For what concerns scale variations, in Table 1 we see that their impact at NLOPS tends to be 5–10% higher as compared to fixed-order NLO. This is consistent with the behaviour of Madgraph5aMC@NLO and Powhel in Ref. [11], while Sherpa features a significantly lower scale uncertainty. Such differences may be an artefact of the incomplete implementation of scale variations in the various NLOPS tools. In the case of Powheg, as anticipated in Sect. 3.1 we have found that increasing \(h_{\mathrm {bzd}} \) can lead to unphysical enhancements of the scale uncertainty. This effect is mostly visible in the ttbb phase space, where the maximum scale variation amounts to \(+40\%\) for \(h_{\mathrm {bzd}} =2\) and grows up to \(+45\%\) and \(+54\%\) when setting \(h_{\mathrm {bzd}} =5\) and 50, respectively. Based on these observations, as default for our \(t \bar{t} b\bar{b} \) simulations we have set \(h_{\mathrm {bzd}} =2\). This choice guarantees a decent consistency with fixed-order scale variations without altering the matching procedure in a drastic way. In particular, when \(h_{\mathrm {bzd}} \) is reduced from its standard Powheg-Box value of 5 down to 2, we have checked that the fraction of the \(t \bar{t} +b\)-jet cross section that is shifted from the singular part Eq. (14) to the finite remnant Eq. (19) amounts to only 10–20%. This holds for all considered distributions in the ttb and ttbb phase space.

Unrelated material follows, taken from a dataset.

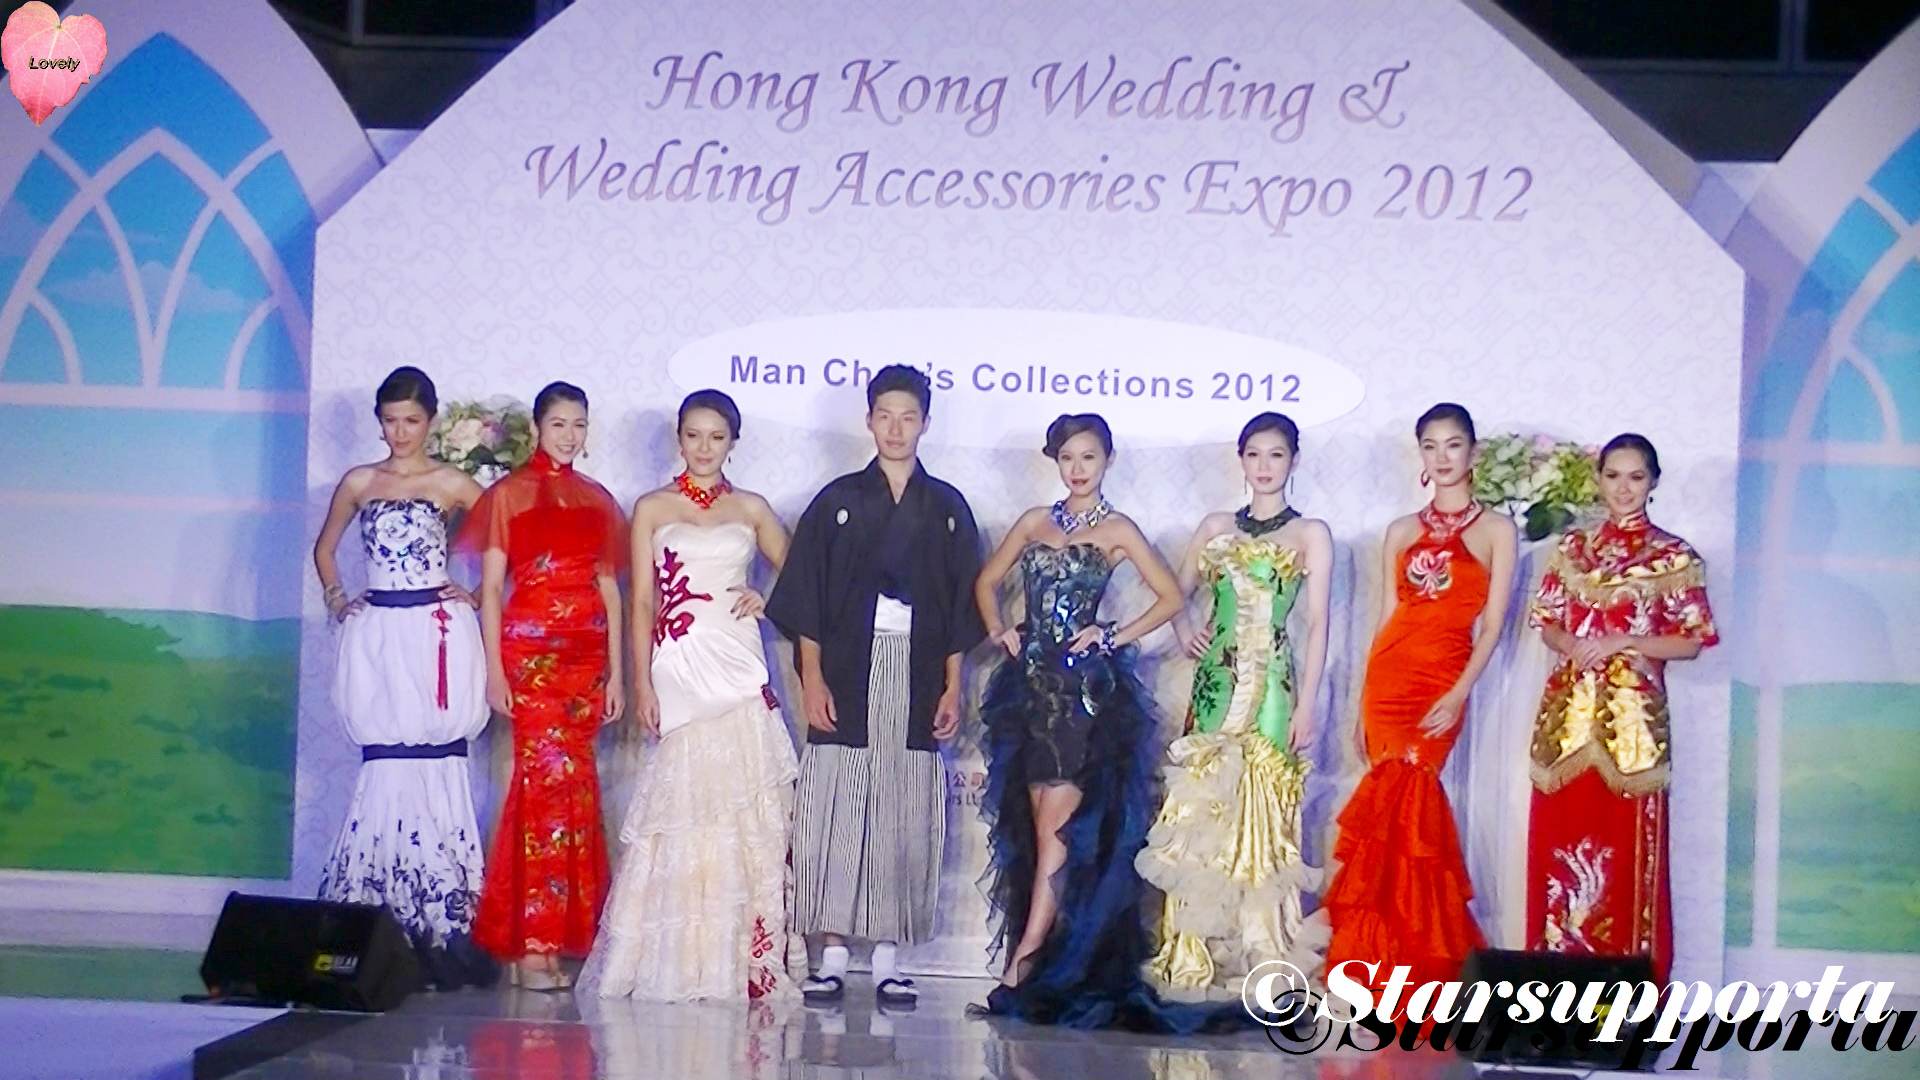 20120714 Hong Kong Wedding & Wedding Accessories Expo - Man Chan's Collections 2012 @ 香港會議展覽中心 HKCEC (video)

Differential observables with ttb and ttbb cuts are presented in Figs. 7 and 8. The inclusive b-jet multiplicity distribution in Fig. 7a extends the results of Table 1, which correspond to \(N_b\ge 1,2\), to the bins with \(N_b\ge 3,4\). The latter are populated by events that result from the interplay of real-emission matrix elements and \(g\rightarrow b \bar{b} \) parton-shower splittings. Thus they feature an enhanced scale dependence.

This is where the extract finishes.